Übrigens sollte laut Anleitung der Volumenversteller nicht ab 50% greifen?


----------



## Mogart (2. Mai 2011)

@ Soulride: Ja, das sollte er aber so ganz werde ich auch nicht daraus schlau!

Hallo alle zusammen,

bin eben dabei meinen Evolver einzustellen und nutze dabei die Anleitung von Prong,  sehr hilfreich, nun habe ich den gesamten Threat gelesen. 
Ich gehe davon aus, dass Prong's Vorgehensweise somit offiziell von Canyon bestätigt wurde. 

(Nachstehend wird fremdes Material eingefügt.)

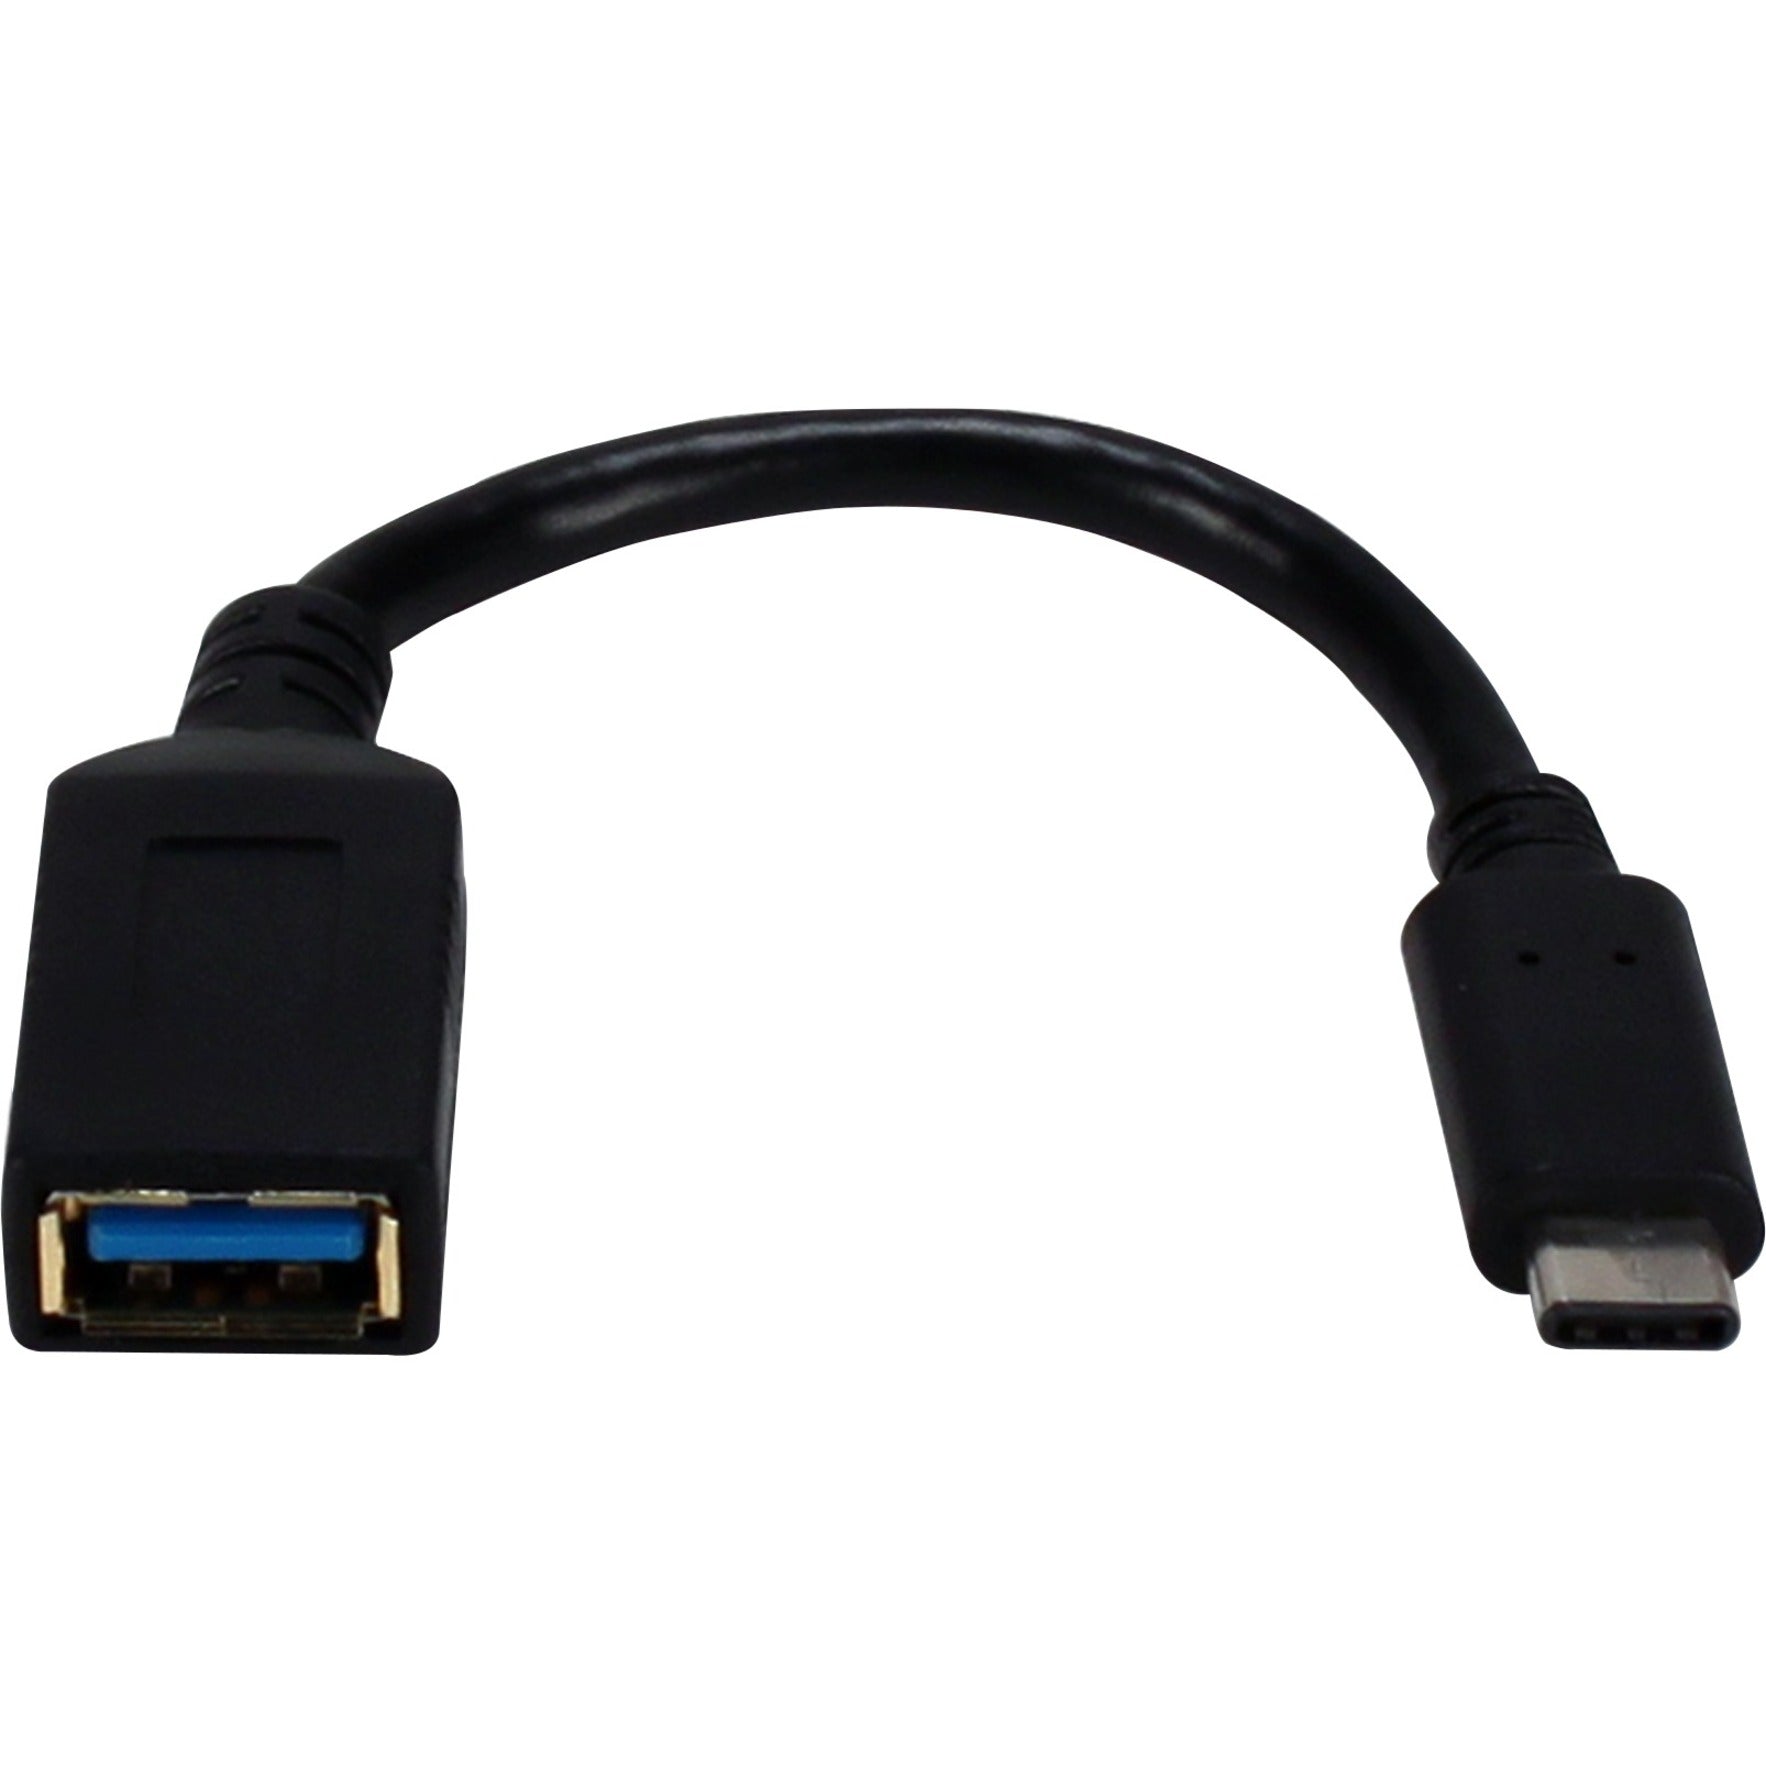 QVS CC2231MF USB-C Male to USB-A Female SuperSpeed 5Gbps 3Amp Cable, Reversible Charging, 6" Length

Kann mir ein erfahrener Nutzer bitte bestätigen, dass ich keinen Murks baue  ?

Fahrer mit Ausrüstung: 95 kg 
Bike: Canyon Torque 2009 in XL 
Dämpfer: Manitou Evolver ISX 6 (CANYON)

STEP 1: Alle Stufen raus gedreht! Volumen = 1

STEP 2: Ich habe das Piggy Back gemäß Tabelle mit 70% = 162psi befüllt und erziele somit (meiner Auffassung nach ) ein CC Setup, da die Nachgiebigkeit mit zunehmendem Druck ja abnimmt?
Sofern ich Freeride fahren möchte wähle ich 60 Prozent und für DH wähle ich 50 Prozent? Oder ist das zu pauschal?
Falls ich das falsch verstanden habe bitte ich um Aufklärung welche Bedeutung die 50%,60% und 70% haben.

STEP 3: Nun befülle ich gemäß der Anleitung die Hauptkammer/Hauptfeder
a.)Ich möchte Touren fahren und entscheide ich für einen CC SAG (25-30%), der Druck beträgt hierbei in meinem Fall bei 95 kg: 175-180psi (ist dieser Wert realistisch)?

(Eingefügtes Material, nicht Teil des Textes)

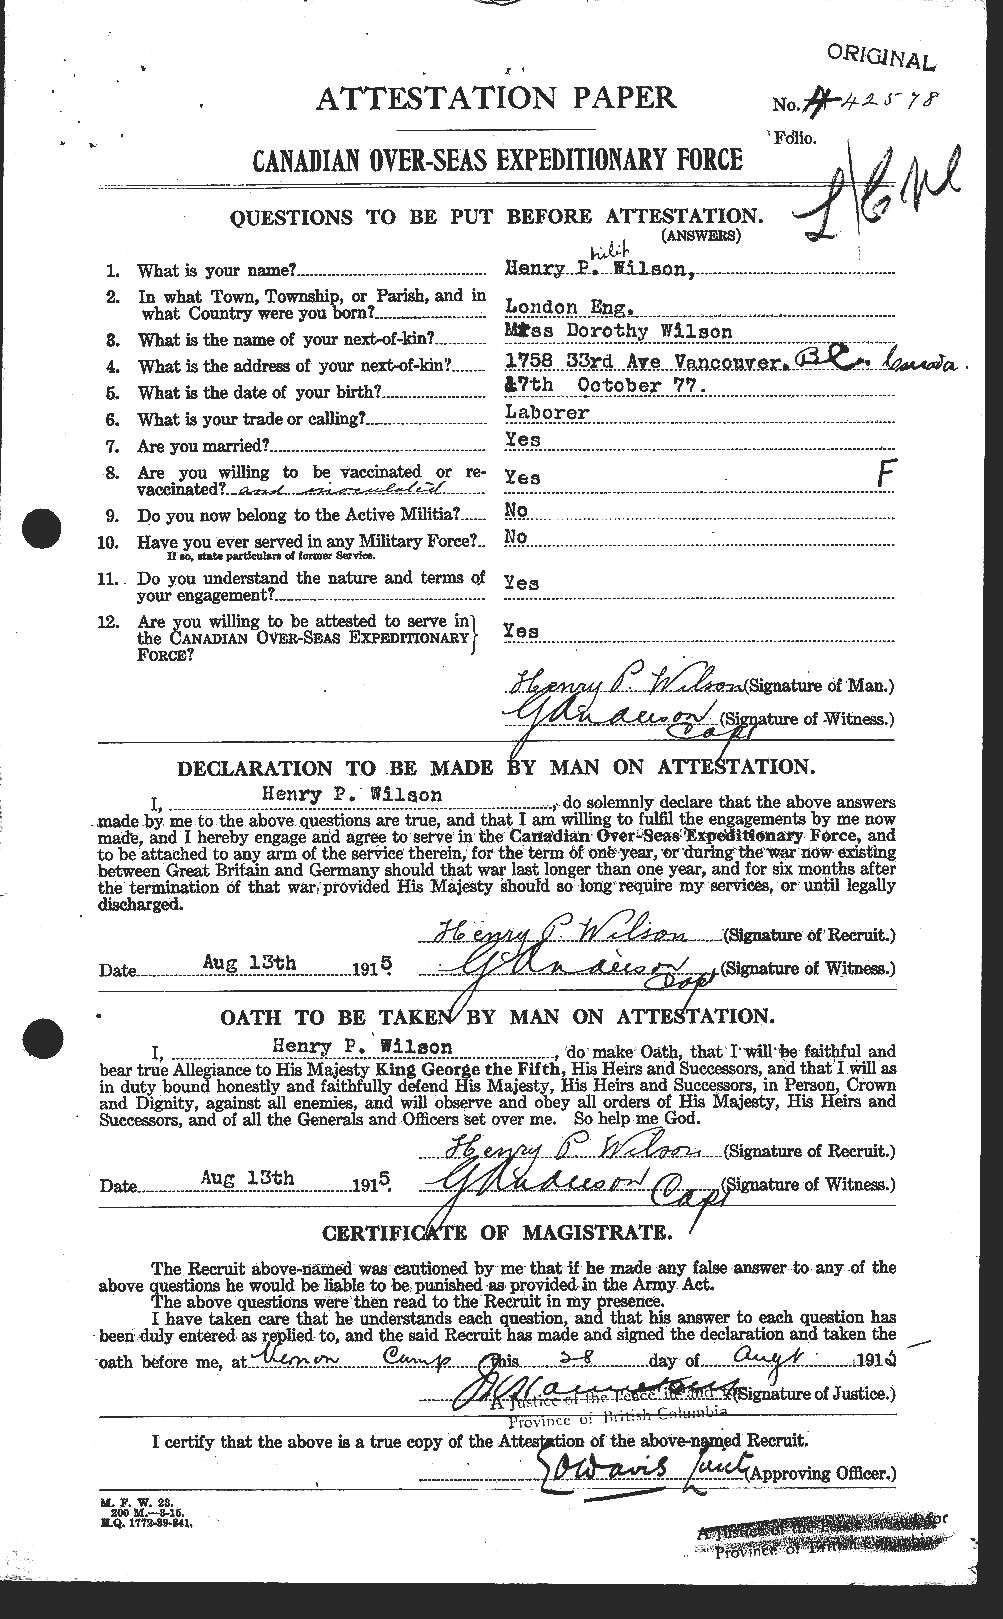 Personnel Records of the First World War - CEF 679539a

b.)Ich möchte Freeride Fahren und möchte bei 95 kg gerne eure PSI Werte wissen .

Gibt es ein max. Wert für die Hauptkammer? -> JA, der Wert beträgt 21bar oder 300psi!

STEP 4: Nun folge ich den Empfehlungen und stelle das Volumen auf 4 (sofern ich wippfrei CC Touren fahre) und drehe das rote Rädchen (LS Druckstufe) im Bedarfsfall (an Steigungen) zu.

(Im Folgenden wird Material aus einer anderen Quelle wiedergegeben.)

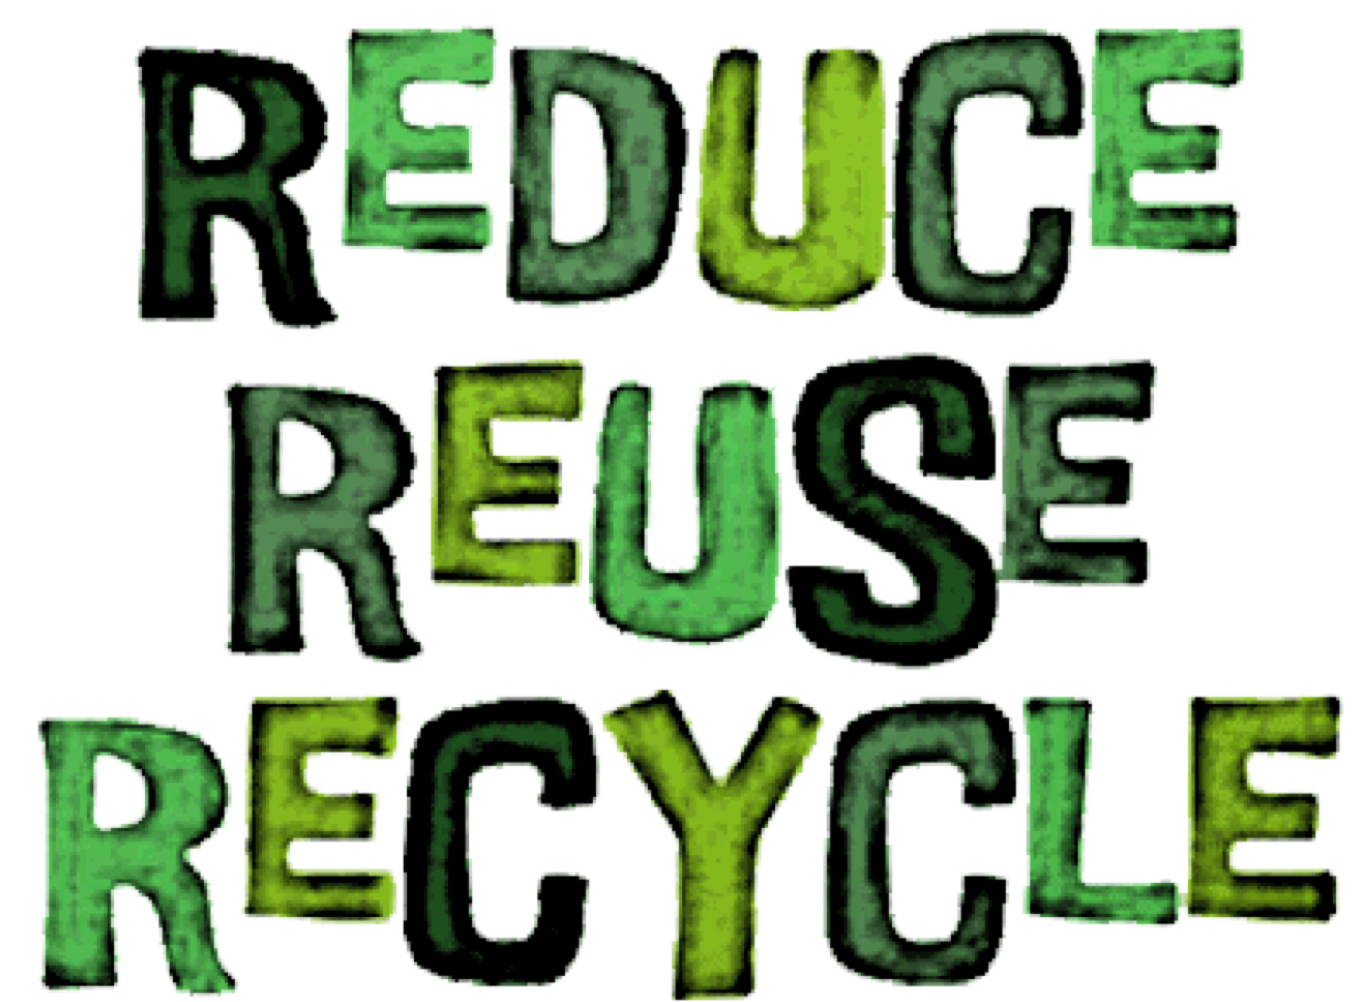 Reduce рисунок. 3r reduce reuse recycle. Eco Team. Eco friendly. Reduce mean

Ist das Vorgehen bis hierhin richtig?

Was für eine Funktion hat der Volumenregler, wie ist er zu nutzen? Gemäß der Anleitung dient er der Endprogression. 
Kann mir das mal einer ganz ausführlich und möglichst nachvollziehbar mit Beispielen Erklären?

Vielleicht so:

Volumen 1 = Freeride (lineare Einstellung)
Volumen 2=...
Volumen 4 = CC Touren (progressive Einstellung)

Weiterhin wüsste ich gern weshalb der Volumenregler sich "Durchdrehen" lässt ( ich habe es nicht gemacht, aber es geht)?

STEP 5: Nun folgt die Einstellung der Zugstufe und die Einstellung der LS und HS Druckstufe. Nach welchen Kriterien geht ihr dabei vor?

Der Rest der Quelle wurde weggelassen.